Character encoding broken

Question

Character encoding broken

VladimirFokow opened this issue 5 months ago · 7 comments

When copying non-English characters (specifically, Ukrainian) from/to the clipboard, the encoding is broken.

To reproduce:

pip install pyperclip

Write a simple python script, e.g.:

import pyperclip

text = pyperclip.paste()  # text is whatever is in the clipboard
pyperclip.copy(text)  # save text to clipboard

Copy some Ukrainian characters to your clipboard, e.g.: тест

When the script is run from the terminal, e.g. python script.py, it works fine: it saves to the clipboard the same thing that was there.

When it's run as the raycast "Script Command", it saves this to the clipboard: ????

If I change the script so that it doesn't get text from the clipboard but instead saves "тест" to clipboard directly: pyperclip.copy('тест'), then I get this in my clipboard: —Ç–µ—Å—Ç

Answer 1 · 2024-08-05T15:53:06.000Z

Hey there @VladimirFokow,

Sorry to hear you are having issues. I am sadly not very knowledgeable with Python. We have had similar problems before, but to be honest I don't know what the issue could be. Here is what I said to a previous user.

Answer 2 · 2024-08-05T16:45:55.000Z

Hi, thanks for the reply..
Just tested it with bash - it has the same problem.

Also printed the env variables LANG and PATH:

#!/bin/bash

# Required parameters:
# @raycast.schemaVersion 1
# @raycast.title test_cp
# @raycast.mode fullOutput

# Optional parameters:
# @raycast.description Test the clipboard
# @raycast.packageName test_cp
# @raycast.icon 🧪


# Save the content of the clipboard into a variable `text`
text=$(pbpaste)
# Save the content of the variable `text` back into the clipboard
echo "$text" | pbcopy

# Example non-English characters to copy: тест
# result in the clipboard: ????




echo $LANG  # en_DE.UTF-8
echo $PATH  # /usr/local/bin:/opt/homebrew/bin:/usr/bin:/bin:/usr/sbin:/sbin






# # Alternative test:
# text='тест'
# echo "$text" | pbcopy
# # result in the clipboard: —Ç–µ—Å—Ç

we run the scripts as a subprocess

Could you please point to the code location where this subprocess is created? (to try isolating the issue)

(unfortunately, I haven't used Swift or Ruby before)

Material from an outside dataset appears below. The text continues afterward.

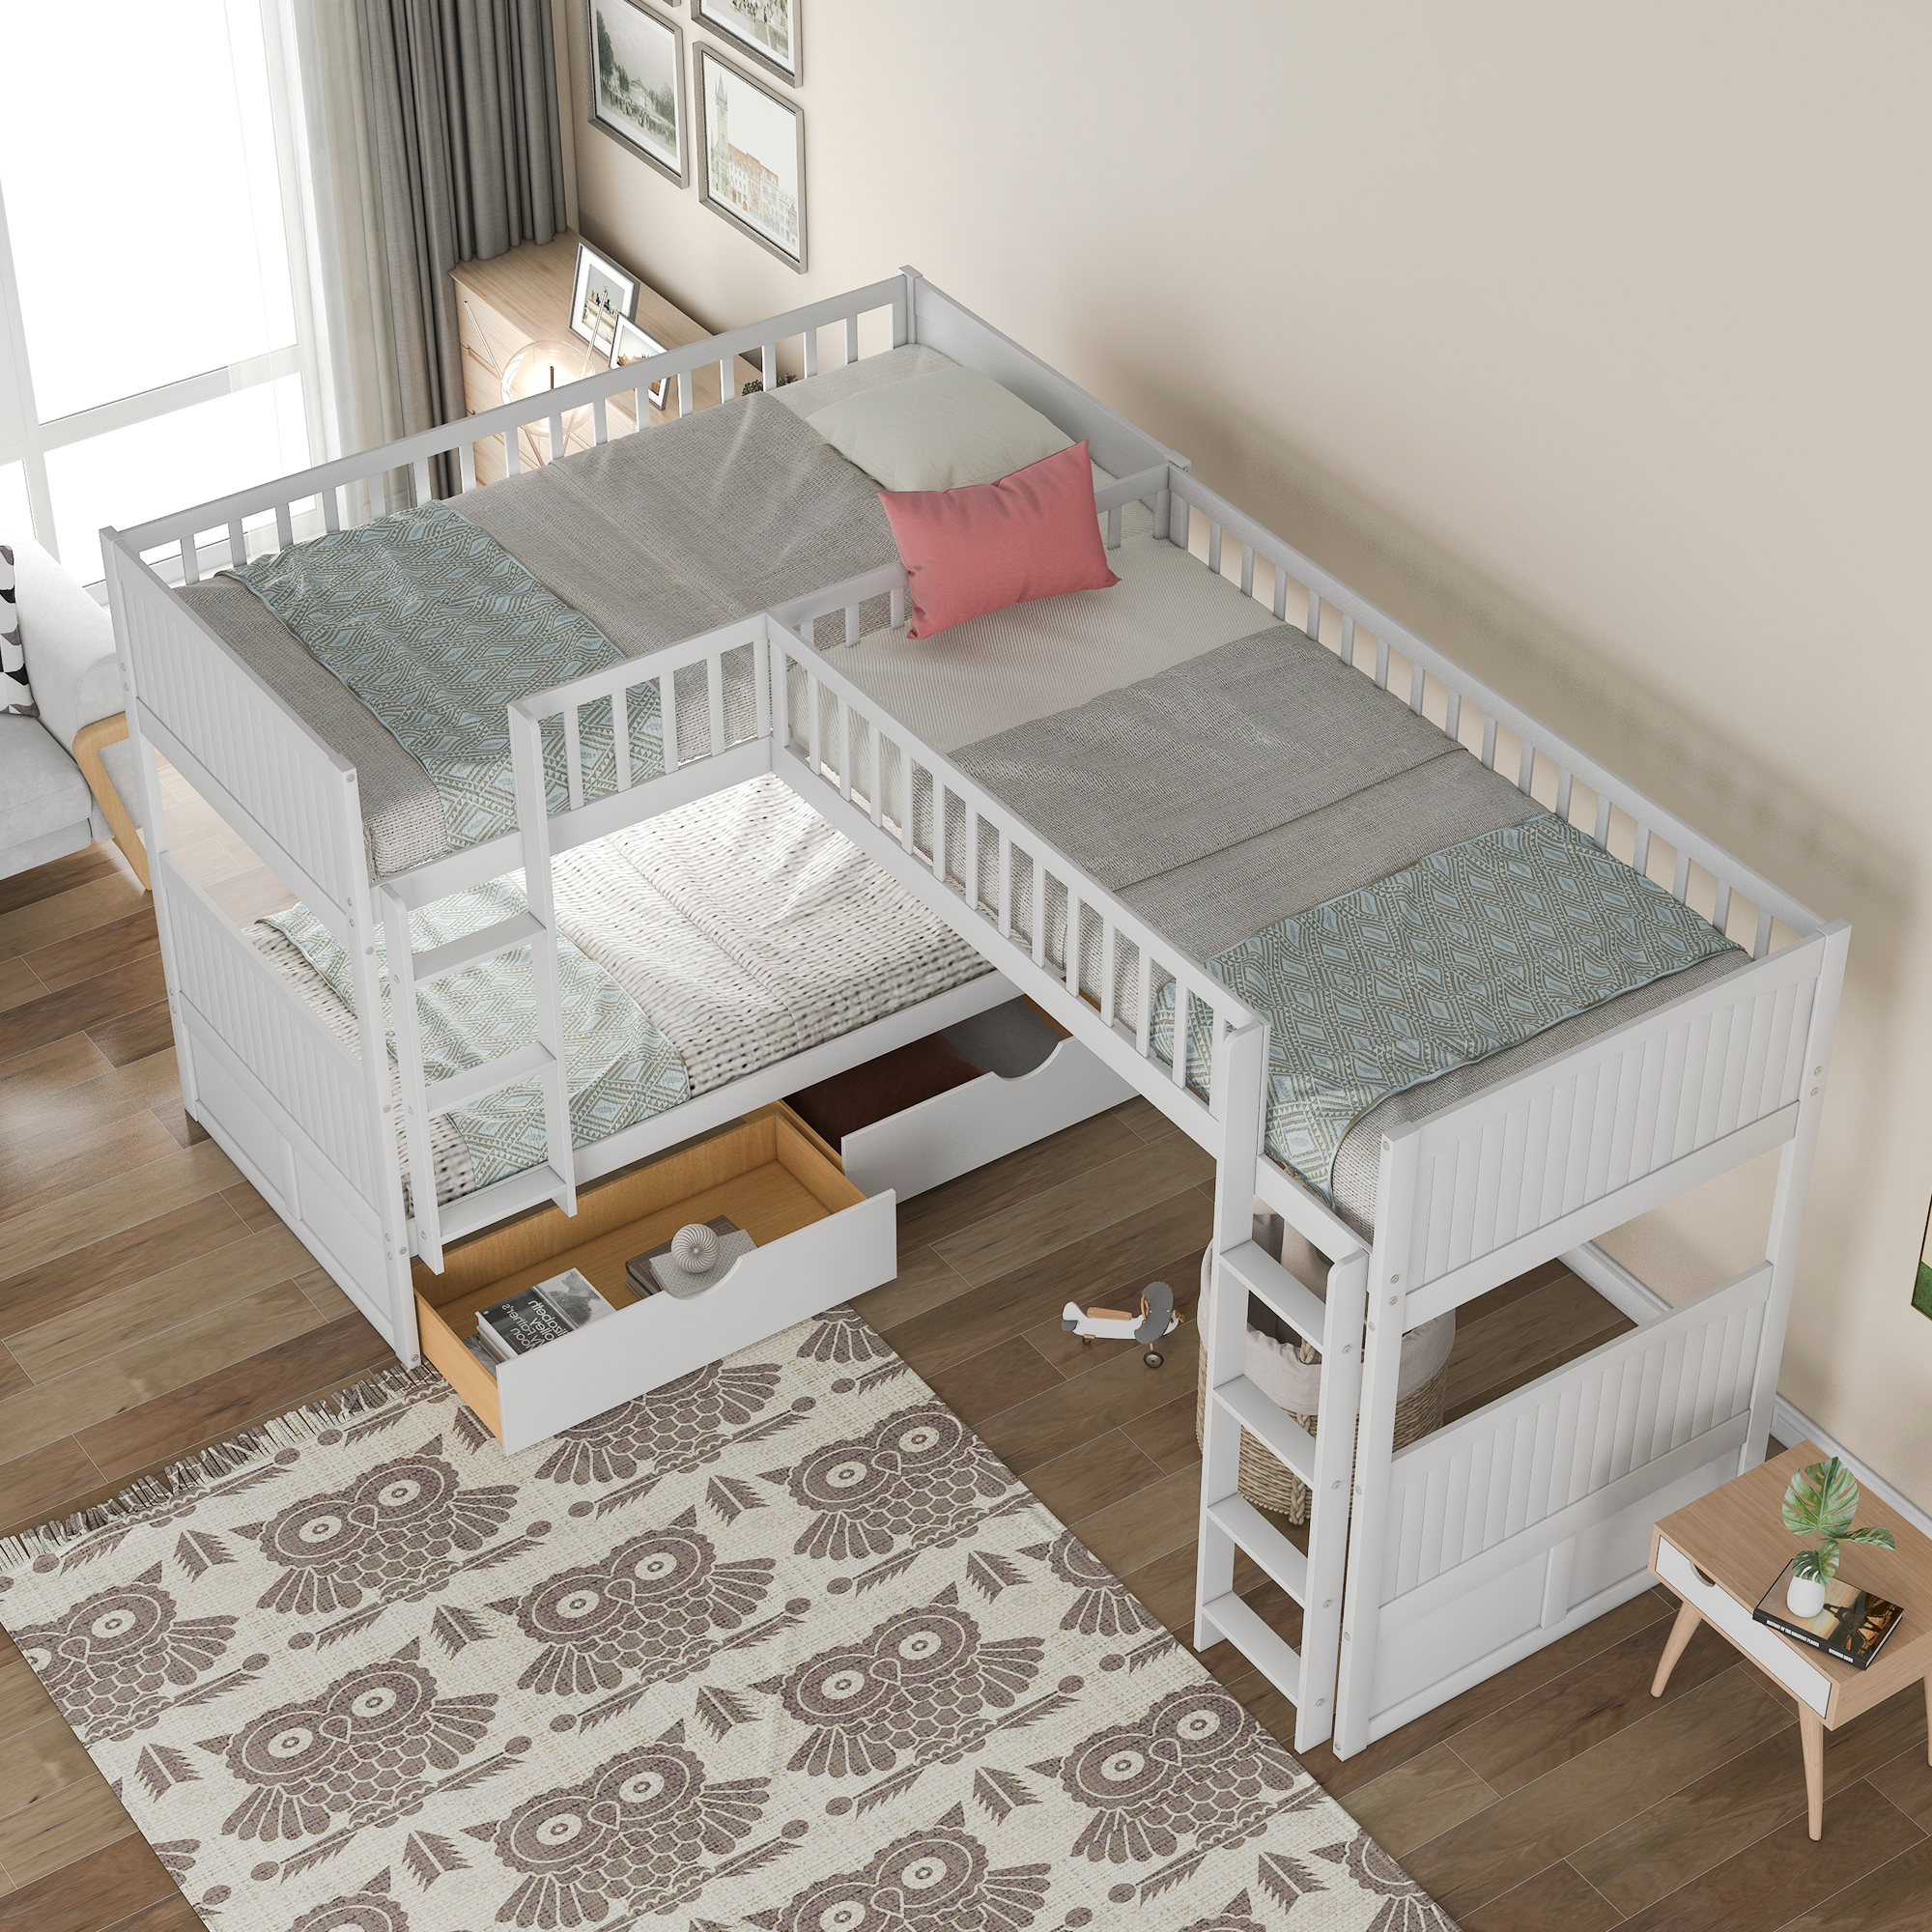 Euroco Wood Bunk Bed Storage, Twin-over-Twin-over-Twin for Children's Bedroom, White - image 2 of 12
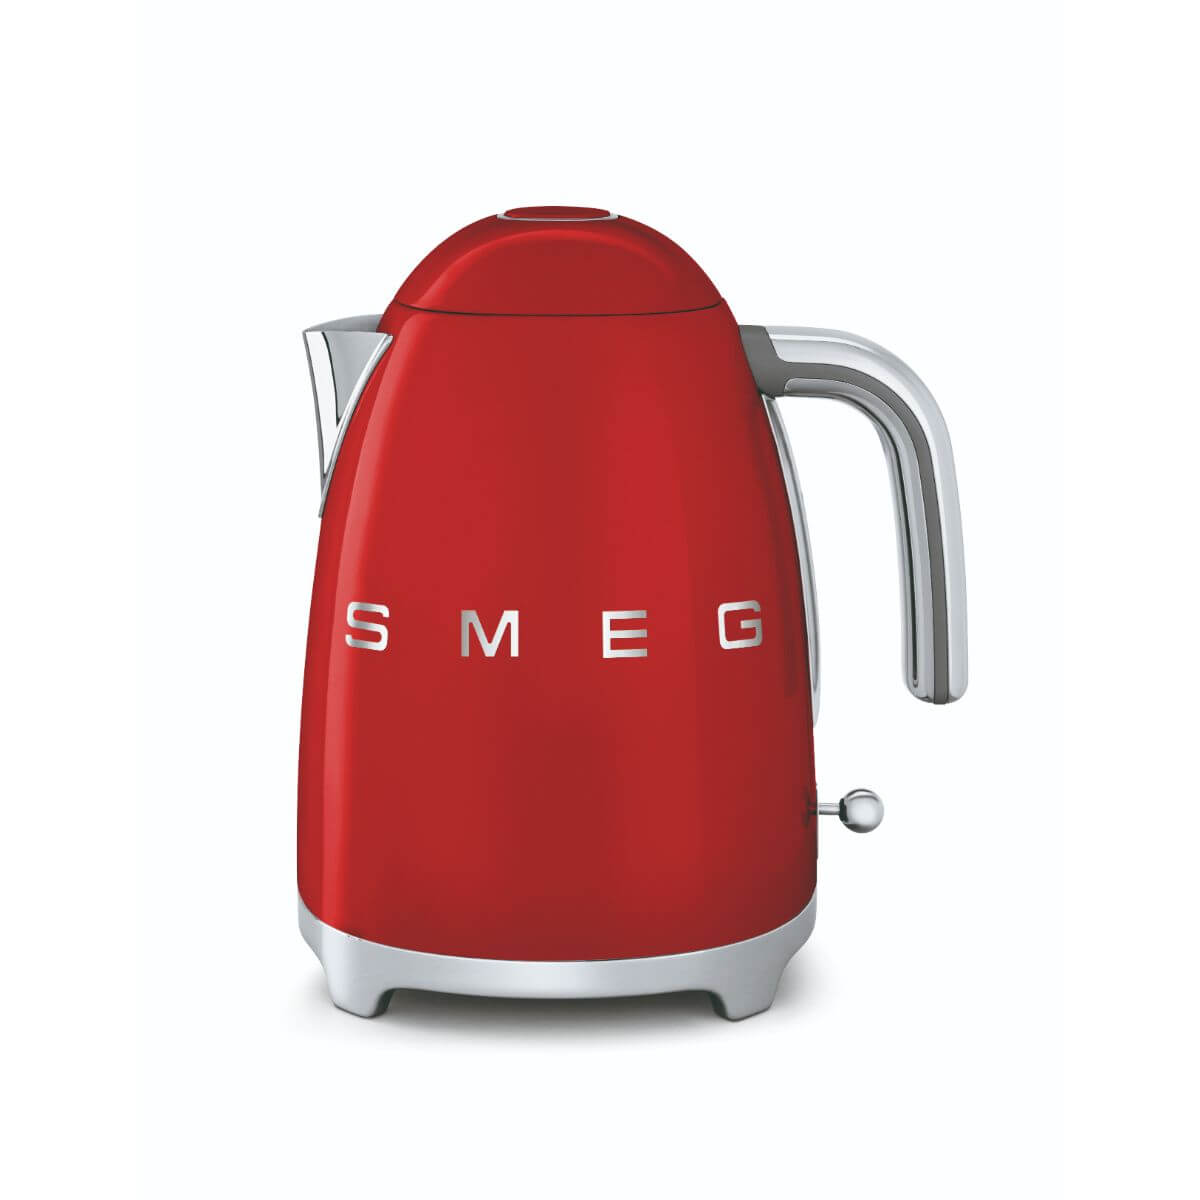 SMEG 50's Style Kettle - Red Color

Answer 3 · 2024-08-06T08:29:05.000Z

@VladimirFokow to me, sounds very likely as a UTF-8 unicode problem.
Using the example you provided:

import pyperclip

text = pyperclip.paste()  # text is whatever is in the clipboard
pyperclip.copy(text)  # save text to clipboard

give a try in this piece of code and let us know if it will work for you

import pyperclip
import os
import chardet

# Ensure the environment uses UTF-8 encoding
os.environ['PYTHONIOENCODING'] = 'utf-8'

# Function to detect and convert encoding
def convert_to_utf8(text):
    result = chardet.detect(text.encode())
    encoding = result['encoding']
    return text.encode(encoding).decode('utf-8')

# Get text from clipboard
text = pyperclip.paste()

# Convert text to UTF-8
text_utf8 = convert_to_utf8(text)

# Copy text back to clipboard
pyperclip.copy(text_utf8)

print("Text successfully copied to clipboard.")

Answer 4 · 2024-08-06T10:10:59.000Z

hi @unnamedd , thanks for the idea. But it didn't help..

For experimenting, here is an example "Script Command" which can invoke a python script:

#!/bin/bash

# Required parameters:
# @raycast.schemaVersion 1
# @raycast.title test_cp_py
# @raycast.mode fullOutput

# Optional parameters:
# @raycast.description Test the clipboard (Python)
# @raycast.packageName test_cp_py
# @raycast.icon 🐍

# /path/to/python can be seen by calling: `which python3`
/path/to/python /path/to/script.py

added some prints (click)

import pyperclip
import os
import chardet

# Ensure the environment uses UTF-8 encoding
print("PYTHONIOENCODING: ", os.environ.get('PYTHONIOENCODING'))
os.environ['PYTHONIOENCODING'] = 'utf-8'
print("PYTHONIOENCODING: ", os.environ.get('PYTHONIOENCODING'))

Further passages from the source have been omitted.